Back to projects
Aug 31, 2024
2 min read

Abstraction and Reasoning with Vision Transformers

I tried, and failed, to get ViTs to work on the ARC challenge.

I tried, and failed, to get Vision Transformers to work on the ARC challenge. The ARC challenge is a set of tasks that require abstract reasoning to solve. I tried to use Vision Transformers to solve the tasks, but I was not able to get them to work. Below is an example of an infilling task from the ARC challenge.

Training

I trained a custom ViT implemented in pytorch with one-hot encoded (10 channel) input and 2D positional embeddings with around 100M params on a sample task to infill the topologically enclosed region in the input grids. The model was trained on a dataset of around 100K such generated examples from re-arc with randomized sizes and colors. The model was seemingly converging and getting better, but 100% accuracy was never achieved.
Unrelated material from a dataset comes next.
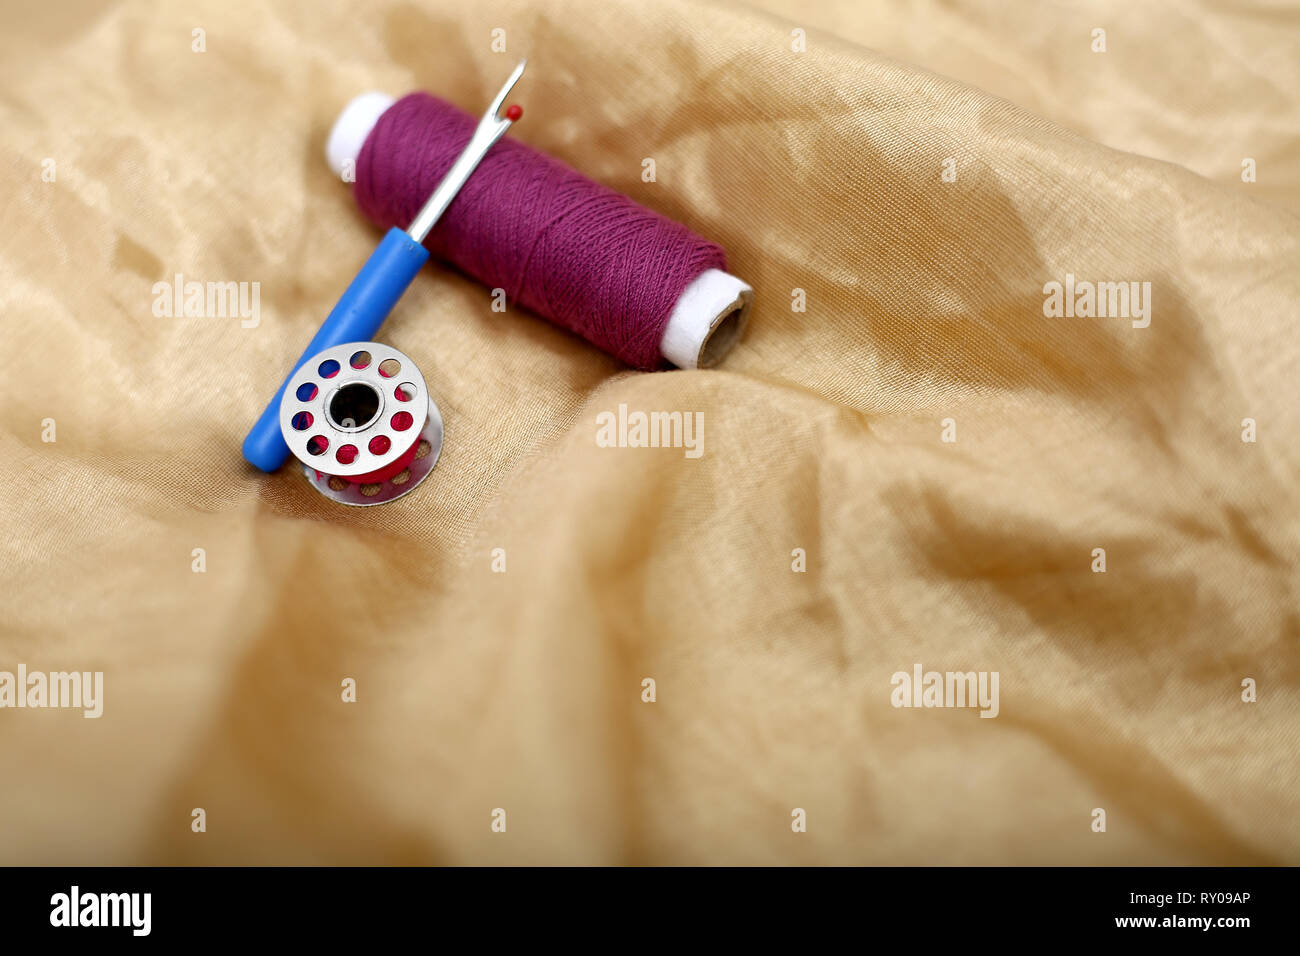 Picture of one sewing thread, needle ripper and bobbin on the

Here are ground truth examples and prediction from my model. Can you spot the difference?

What to do next?

Later this year I encountered VitARC which significantly improves the performance of ViTs on ARC tasks and partially addresses this problem: https://arxiv.org/abs/2206.06709

Fundamental Limitations?

Through this project, I got increasingly skeptical about the ability of Vision Transformers to solve abstract reasoning tasks. My thinking was that 2D spatial information through positional embeddings will improve the performance a lot in contrast to 1D sequential NLP approach. However there are still some fundamental problems with taking shortcuts instead of learning the underlying rules.